(Extracted data entries)
◆ ◆ ◆ ◆ ◆
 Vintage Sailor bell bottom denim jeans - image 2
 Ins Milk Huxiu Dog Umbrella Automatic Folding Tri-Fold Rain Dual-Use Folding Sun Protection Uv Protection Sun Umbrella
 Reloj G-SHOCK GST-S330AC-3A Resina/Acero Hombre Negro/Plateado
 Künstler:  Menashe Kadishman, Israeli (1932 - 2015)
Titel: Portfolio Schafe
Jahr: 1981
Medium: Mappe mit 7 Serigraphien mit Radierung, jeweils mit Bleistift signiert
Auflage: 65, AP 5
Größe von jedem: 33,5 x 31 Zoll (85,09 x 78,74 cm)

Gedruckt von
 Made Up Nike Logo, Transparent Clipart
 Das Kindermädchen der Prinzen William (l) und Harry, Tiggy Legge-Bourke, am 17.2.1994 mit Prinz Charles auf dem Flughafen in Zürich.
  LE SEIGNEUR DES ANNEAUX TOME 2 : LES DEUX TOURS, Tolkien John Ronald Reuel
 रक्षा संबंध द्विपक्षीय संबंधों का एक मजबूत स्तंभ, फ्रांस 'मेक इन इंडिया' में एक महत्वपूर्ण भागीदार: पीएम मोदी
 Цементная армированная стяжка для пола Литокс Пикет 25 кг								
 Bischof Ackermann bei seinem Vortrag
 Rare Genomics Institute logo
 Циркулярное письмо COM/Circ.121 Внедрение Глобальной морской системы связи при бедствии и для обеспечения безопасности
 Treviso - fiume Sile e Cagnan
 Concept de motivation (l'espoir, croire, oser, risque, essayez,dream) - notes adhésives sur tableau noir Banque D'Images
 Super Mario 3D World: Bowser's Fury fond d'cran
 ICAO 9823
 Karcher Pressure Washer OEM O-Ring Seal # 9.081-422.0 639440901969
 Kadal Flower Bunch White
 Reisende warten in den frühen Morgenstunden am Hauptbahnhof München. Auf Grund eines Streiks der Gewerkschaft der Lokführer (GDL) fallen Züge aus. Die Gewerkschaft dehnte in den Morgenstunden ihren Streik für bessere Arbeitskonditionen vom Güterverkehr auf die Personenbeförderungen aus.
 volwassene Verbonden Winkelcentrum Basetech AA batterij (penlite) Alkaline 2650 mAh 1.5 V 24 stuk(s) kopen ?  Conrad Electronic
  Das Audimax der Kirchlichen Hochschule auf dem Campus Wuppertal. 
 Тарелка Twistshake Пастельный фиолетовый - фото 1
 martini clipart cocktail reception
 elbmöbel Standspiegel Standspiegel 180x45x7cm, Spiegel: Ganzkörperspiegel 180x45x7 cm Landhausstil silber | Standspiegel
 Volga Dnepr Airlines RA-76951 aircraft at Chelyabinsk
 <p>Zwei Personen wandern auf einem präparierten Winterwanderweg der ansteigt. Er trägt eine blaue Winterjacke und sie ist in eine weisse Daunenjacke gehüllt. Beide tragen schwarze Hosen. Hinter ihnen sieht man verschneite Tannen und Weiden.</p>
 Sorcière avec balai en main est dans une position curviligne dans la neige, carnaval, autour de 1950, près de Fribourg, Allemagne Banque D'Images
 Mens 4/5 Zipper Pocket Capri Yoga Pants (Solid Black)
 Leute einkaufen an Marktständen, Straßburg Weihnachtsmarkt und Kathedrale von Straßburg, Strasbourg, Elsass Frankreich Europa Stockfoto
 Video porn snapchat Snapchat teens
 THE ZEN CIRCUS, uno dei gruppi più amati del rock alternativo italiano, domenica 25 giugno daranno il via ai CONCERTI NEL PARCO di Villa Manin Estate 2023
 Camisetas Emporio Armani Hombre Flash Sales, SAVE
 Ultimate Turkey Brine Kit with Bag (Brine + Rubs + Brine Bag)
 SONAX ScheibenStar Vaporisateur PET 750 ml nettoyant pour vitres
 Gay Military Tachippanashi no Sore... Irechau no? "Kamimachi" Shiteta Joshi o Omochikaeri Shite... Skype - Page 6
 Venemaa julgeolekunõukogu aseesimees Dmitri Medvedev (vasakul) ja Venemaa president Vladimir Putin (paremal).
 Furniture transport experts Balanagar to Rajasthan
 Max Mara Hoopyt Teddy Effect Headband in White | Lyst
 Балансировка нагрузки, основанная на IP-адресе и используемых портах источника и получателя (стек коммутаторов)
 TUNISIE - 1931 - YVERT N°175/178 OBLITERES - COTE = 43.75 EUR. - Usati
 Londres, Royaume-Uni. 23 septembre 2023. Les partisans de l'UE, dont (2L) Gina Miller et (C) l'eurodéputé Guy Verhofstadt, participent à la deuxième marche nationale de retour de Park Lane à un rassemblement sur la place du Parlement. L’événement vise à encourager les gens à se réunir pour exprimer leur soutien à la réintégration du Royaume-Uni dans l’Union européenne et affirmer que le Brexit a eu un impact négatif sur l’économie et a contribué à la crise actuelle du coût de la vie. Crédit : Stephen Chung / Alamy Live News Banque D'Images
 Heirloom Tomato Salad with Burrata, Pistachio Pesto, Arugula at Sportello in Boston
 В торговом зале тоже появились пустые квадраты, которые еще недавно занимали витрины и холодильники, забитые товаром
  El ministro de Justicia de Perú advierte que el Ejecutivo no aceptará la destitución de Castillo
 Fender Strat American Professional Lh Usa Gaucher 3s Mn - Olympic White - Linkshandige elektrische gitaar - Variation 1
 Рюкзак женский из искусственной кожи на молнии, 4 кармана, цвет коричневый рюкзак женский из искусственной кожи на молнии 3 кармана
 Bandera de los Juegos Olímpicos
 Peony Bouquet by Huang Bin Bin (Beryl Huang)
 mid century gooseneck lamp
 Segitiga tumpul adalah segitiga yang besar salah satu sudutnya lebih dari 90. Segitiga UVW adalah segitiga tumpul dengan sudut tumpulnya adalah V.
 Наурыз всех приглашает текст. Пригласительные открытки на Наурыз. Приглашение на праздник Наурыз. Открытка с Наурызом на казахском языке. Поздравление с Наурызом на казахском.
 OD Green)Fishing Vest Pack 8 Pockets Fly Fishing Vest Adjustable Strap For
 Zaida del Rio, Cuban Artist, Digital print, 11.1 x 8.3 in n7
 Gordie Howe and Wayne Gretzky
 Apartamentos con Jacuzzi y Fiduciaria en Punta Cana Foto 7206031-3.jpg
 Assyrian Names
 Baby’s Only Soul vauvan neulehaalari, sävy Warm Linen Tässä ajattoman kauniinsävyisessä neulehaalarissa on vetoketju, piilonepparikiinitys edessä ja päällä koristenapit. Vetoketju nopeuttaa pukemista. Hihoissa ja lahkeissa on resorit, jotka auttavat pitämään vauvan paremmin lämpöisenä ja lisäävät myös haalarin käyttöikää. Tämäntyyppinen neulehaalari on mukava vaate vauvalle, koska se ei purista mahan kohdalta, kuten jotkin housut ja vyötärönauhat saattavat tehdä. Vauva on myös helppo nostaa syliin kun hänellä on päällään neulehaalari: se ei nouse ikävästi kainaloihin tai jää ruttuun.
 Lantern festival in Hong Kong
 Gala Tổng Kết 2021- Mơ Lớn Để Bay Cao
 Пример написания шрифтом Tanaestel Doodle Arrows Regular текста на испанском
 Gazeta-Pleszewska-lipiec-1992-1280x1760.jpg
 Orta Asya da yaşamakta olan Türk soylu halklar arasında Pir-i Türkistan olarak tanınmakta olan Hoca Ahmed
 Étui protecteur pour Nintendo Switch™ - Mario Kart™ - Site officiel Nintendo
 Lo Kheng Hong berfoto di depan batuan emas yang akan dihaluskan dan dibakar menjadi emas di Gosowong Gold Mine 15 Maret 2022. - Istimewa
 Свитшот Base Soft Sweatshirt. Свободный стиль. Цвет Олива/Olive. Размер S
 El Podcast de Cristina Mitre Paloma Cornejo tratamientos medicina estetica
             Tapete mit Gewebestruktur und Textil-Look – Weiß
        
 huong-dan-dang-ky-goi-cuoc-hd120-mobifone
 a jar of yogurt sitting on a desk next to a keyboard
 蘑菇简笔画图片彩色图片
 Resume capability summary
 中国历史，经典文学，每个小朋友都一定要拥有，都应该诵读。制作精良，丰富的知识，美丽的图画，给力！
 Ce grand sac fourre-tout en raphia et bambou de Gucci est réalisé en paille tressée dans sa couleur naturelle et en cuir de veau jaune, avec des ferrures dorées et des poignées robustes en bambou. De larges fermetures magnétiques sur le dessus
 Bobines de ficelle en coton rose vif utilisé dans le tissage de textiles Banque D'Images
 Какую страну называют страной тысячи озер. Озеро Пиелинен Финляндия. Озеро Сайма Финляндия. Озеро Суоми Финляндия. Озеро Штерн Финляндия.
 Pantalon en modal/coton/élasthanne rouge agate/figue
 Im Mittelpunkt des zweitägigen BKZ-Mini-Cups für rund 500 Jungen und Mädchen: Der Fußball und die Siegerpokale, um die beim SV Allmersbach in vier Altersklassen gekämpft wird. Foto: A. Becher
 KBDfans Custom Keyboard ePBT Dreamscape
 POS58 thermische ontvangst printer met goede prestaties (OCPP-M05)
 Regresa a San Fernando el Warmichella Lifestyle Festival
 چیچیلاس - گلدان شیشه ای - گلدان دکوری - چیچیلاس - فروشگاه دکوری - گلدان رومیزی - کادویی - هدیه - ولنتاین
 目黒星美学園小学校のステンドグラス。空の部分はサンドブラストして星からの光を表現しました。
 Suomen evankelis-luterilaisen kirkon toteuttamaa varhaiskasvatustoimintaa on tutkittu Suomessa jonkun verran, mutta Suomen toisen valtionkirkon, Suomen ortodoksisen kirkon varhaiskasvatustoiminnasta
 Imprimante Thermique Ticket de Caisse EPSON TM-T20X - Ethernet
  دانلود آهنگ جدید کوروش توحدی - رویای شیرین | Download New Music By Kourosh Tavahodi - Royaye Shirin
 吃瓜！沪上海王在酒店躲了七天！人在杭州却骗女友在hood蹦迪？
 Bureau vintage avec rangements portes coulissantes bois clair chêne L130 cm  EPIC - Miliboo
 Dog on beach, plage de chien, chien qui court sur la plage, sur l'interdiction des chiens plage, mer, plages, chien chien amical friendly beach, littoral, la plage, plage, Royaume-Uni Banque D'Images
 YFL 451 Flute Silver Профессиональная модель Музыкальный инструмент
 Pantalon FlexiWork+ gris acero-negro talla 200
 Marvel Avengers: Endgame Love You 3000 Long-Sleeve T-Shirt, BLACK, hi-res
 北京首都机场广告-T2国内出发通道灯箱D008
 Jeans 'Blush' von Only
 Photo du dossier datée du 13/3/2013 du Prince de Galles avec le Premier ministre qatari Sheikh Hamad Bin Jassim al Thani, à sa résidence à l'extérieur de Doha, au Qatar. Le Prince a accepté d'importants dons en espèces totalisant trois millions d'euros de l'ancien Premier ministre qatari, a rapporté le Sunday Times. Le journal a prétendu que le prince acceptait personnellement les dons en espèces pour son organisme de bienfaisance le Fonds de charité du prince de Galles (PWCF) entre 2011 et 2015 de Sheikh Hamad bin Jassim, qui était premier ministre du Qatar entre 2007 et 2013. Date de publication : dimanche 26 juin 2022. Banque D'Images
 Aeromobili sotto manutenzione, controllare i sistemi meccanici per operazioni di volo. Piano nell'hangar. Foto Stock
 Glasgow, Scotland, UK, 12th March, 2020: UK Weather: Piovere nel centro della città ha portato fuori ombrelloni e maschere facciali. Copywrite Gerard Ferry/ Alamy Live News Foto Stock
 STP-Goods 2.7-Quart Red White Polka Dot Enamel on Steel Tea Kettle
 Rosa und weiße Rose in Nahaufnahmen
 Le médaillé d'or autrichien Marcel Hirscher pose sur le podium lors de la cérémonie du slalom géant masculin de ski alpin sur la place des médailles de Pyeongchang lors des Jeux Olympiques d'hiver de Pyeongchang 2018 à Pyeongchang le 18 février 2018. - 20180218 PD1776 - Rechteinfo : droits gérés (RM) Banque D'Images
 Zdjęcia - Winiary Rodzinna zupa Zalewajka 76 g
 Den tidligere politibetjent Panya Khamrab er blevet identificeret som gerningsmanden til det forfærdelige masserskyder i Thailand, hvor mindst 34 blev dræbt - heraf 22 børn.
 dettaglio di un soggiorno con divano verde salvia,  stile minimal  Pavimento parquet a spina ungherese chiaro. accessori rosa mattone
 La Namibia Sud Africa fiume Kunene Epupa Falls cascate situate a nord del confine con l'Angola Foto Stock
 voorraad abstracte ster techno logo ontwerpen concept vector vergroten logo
◆ ◆ ◆ ◆ ◆
▶ **Exercise description**
Show all lines in the entries above where the word "dans" appears.

▶ **Your response**
 Sorcière avec balai en main est dans une position curviligne dans la neige, carnaval, autour de 1950, près de Fribourg, Allemagne Banque D'Images
 Londres, Royaume-Uni. 23 septembre 2023. Les partisans de l'UE, dont (2L) Gina Miller et (C) l'eurodéputé Guy Verhofstadt, participent à la deuxième marche nationale de retour de Park Lane à un rassemblement sur la place du Parlement. L’événement vise à encourager les gens à se réunir pour exprimer leur soutien à la réintégration du Royaume-Uni dans l’Union européenne et affirmer que le Brexit a eu un impact négatif sur l’économie et a contribué à la crise actuelle du coût de la vie. Crédit : Stephen Chung / Alamy Live News Banque D'Images
 Ce grand sac fourre-tout en raphia et bambou de Gucci est réalisé en paille tressée dans sa couleur naturelle et en cuir de veau jaune, avec des ferrures dorées et des poignées robustes en bambou. De larges fermetures magnétiques sur le dessus
 Bobines de ficelle en coton rose vif utilisé dans le tissage de textiles Banque D'Images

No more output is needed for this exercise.